26 Sept 2024 – Thursday of Week 25
26 Sept 2024 – Thursday of Week 25
Optional Memorial: Ss Cosmas and Damian, martyred in Syria. Patron of physicians.
1st Reading: Qohelet 1:2-11
There’s nothing new under the sun. Vanity of vanities
Vanity of vanities, says the Teacher.
Vanity of vanities! All is vanity.
What do people gain from all the toil
at which they toil under the sun?
A generation goes, and a generation comes,
but the earth remains forever.
The sun rises and the sun goes down,
and hurries to the place where it rises.
The wind blows to the south,
and goes around to the north;
round and round goes the wind,
and on its circuits the wind returns.
All streams run to the sea,
but the sea is not full;
to the place where the streams flow,
there they continue to flow.
All things are wearisome;
more than one can express;
the eye is not satisfied with seeing,
or the ear filled with hearing.
What has been is what will be,
and what has been done is what will be done
There is nothing new under the sun.
Is there a thing of which it is said, “See, this is new”?
It has already been, in the ages before us.
The people of long ago are not remembered,
nor will there be any remembrance of people yet to come
by those who come after them.
Responsorial: from Psalm 90
R./: In every age, O Lord, you have been our refuge
You sweep men away like a dream,
like grass which springs up in the morning.
In the morning it springs up and flowers:
by evening it withers and fades. (R./)
Make us know the shortness of our life
that we may gain wisdom of heart.
Lord, relent! Is your anger for ever?
Show pity to your servants. (R./)
In the morning, fill us with your love;
we shall exult and rejoice all our days.
Let the favour of the Lord be upon us:
give success to the work of our hands. (R./)
Gospel: Luke 9:7-9
Herod was perplexed and curious about Jesus
Herod the ruler heard about all that had taken place, and he was perplexed, because it was said by some that John had been raised from the dead, by some that Elijah had appeared, and by others that one of the ancient prophets had arisen.
Herod said, “John I beheaded; but who is this about whom I hear such things?” And he tried to see him.
Trivial pursuits
“Vanity of vanities! All is vanity!” said the weary old Jewish philosopher, and he then coined a saying that has been used countless times since then: “There is nothing new under the sun.”
Jewish tradition attributes this Book of Qoheleth to King Solomon, the patron of wisdom. Even though he expresses such a dark summary of life, still he gives us food for thought. Was he a wise man or a cynic, a searcher or a selfish hedonist, this wealthy king who had so much and lived a long life now felt that all had passed as quickly as a puff of wind.

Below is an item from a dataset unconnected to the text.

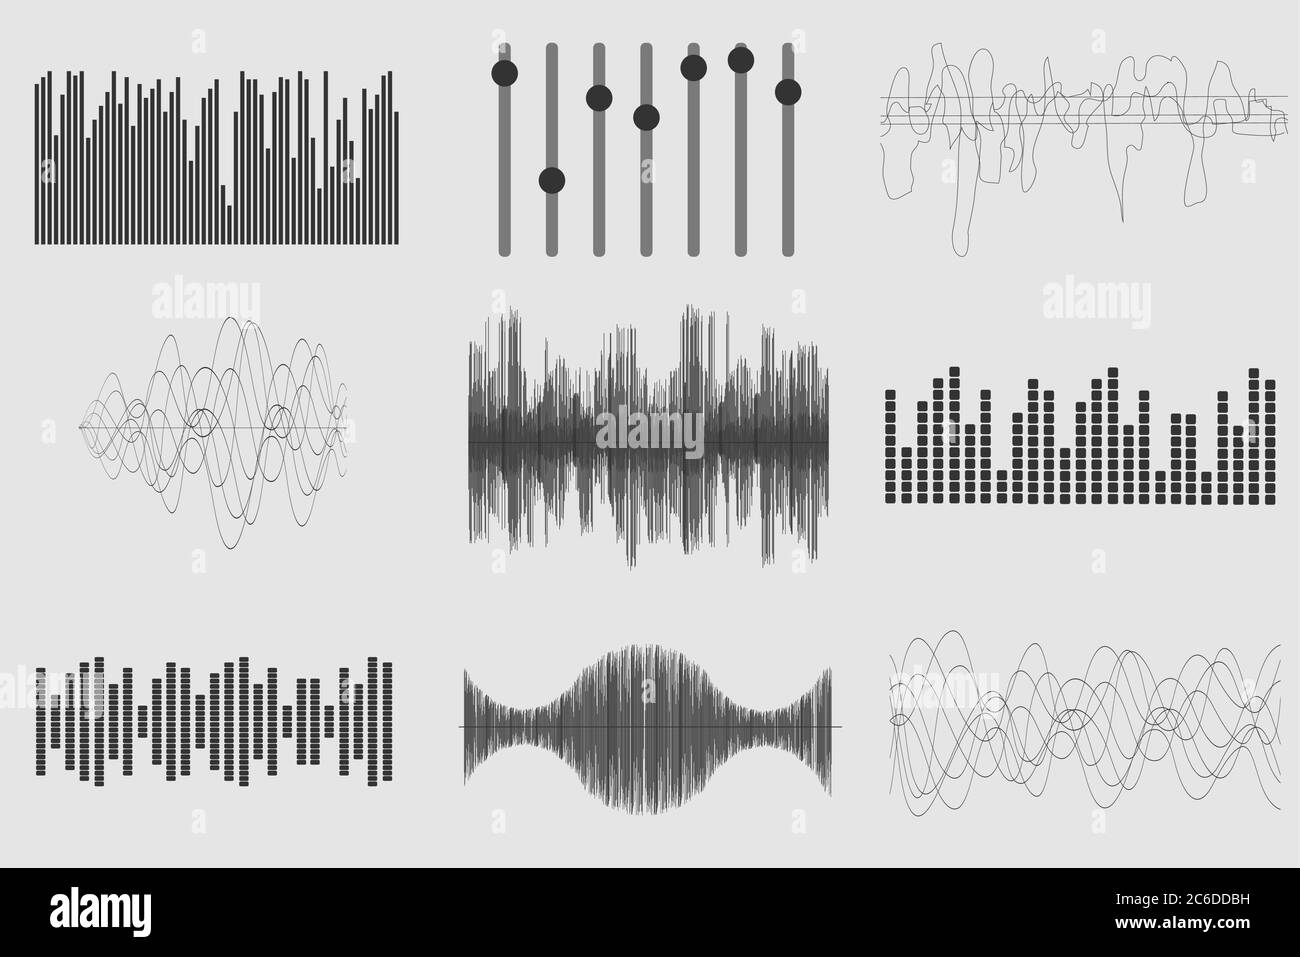 Schwarze Musik auf weißem Hintergrund. Audiotechnik, visueller musikalischer Puls. Vektorgrafik Stock Vektor

Qoheleth seldom mentions God or faith or prayer but takes a long, hard look at life. Basically, he says that life is not worth living unless we seek for wisdom. He examined all kinds of human dealings, but with most of them he found fault. “While I was searching I found one upright man among a thousand” (7:28). The same world-weary mood moved William Wordsworth to write:
The world is too much with us; late and soon,
Getting and spending, we lay waste our powers.
Little we see in Nature that is ours;
We have given our hearts away, a sordid boon.
It may not be exalted idealism, yet it’s a sober call not to spend all our time and energy on trivial pursuits.
In the Gospel, the patron of trivial pursuits was Herod the Tetrarch, for whom religion was a curiosity, a momentary pang of conscience, a way to win his people’s allegiance. Herod was curious about Jesus, but his curiosity did not lead to faith. He wanted to see the famous prophet from Nazareth that everyone was talking about, curious to know if he was in any way related to John the Baptist, whom he had executed at the whim of his step-daughter. Herod did indeed get to to see Jesus, during the Lord’s Passion, when he had him mocked as a king (Lk 23:8). The Gospel writer saw Herod as a shallow, cynical ruler, who respected neither God nor man.
Herod’s example is a wake-up call against cynicism in our own attitudes. We too want to see Jesus, but it is in order to know him more clearly, love him more dearly and follow him more nearly.